At what time does the rate begin to decrease?

## 1 Expert Answer

Mehek A. answered • 05/18/20

Engineer and Nanotech student making learning affordable

Assuming *t* represents hours

c(t) = e^{-0.06t}-e^{-0.44t}

rate of change means the derivative which can be denoted as **c'(t)**

c'(t) = -0.06e^{-0.06t}+0.44e^{-0.44t}

Rate of Change after __two hours__:

c'(2) = 0.23571 units/hour

When we solve for the roots of c'(t) or set c'(t) = 0, we can figure out where there is a sign change.

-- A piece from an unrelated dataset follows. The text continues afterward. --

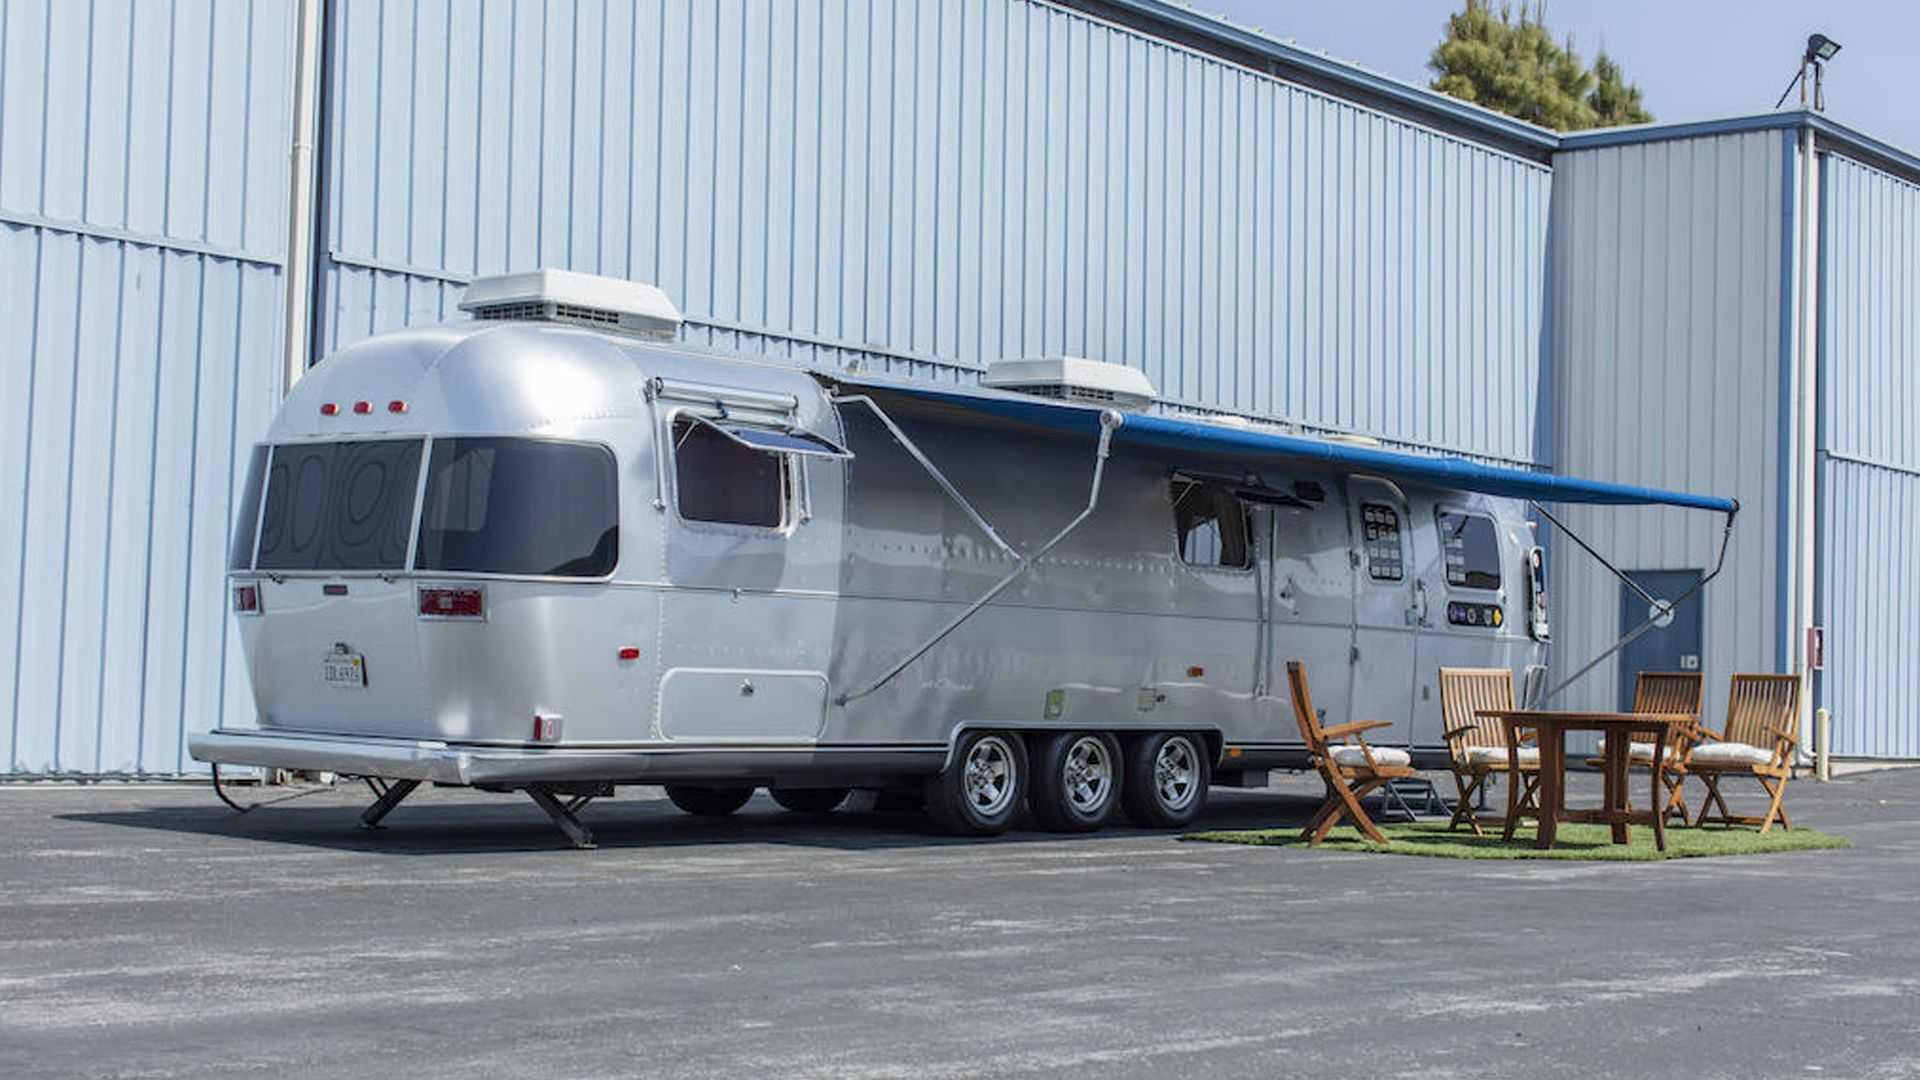 Известный голливудский актер Том Хэнкс много лет владел трейлером Airstream, который не раз использовался во время съемок. Теперь же мировая знаменитость готова расстаться со своим верным другом.

When a derivative is negative, that means the original function c(t) is decreasing.

Setting c'(t) = -0.06e^{-0.06t}+0.44e^{-0.44t }= 0

We figure out that t = **(ln(0.44)−ln(0.06)) / 0.38 = 5.24323 hours**

After doing the first derivative time test we see that our y-values for our derivative is less than zero after t = 5.24323 hours.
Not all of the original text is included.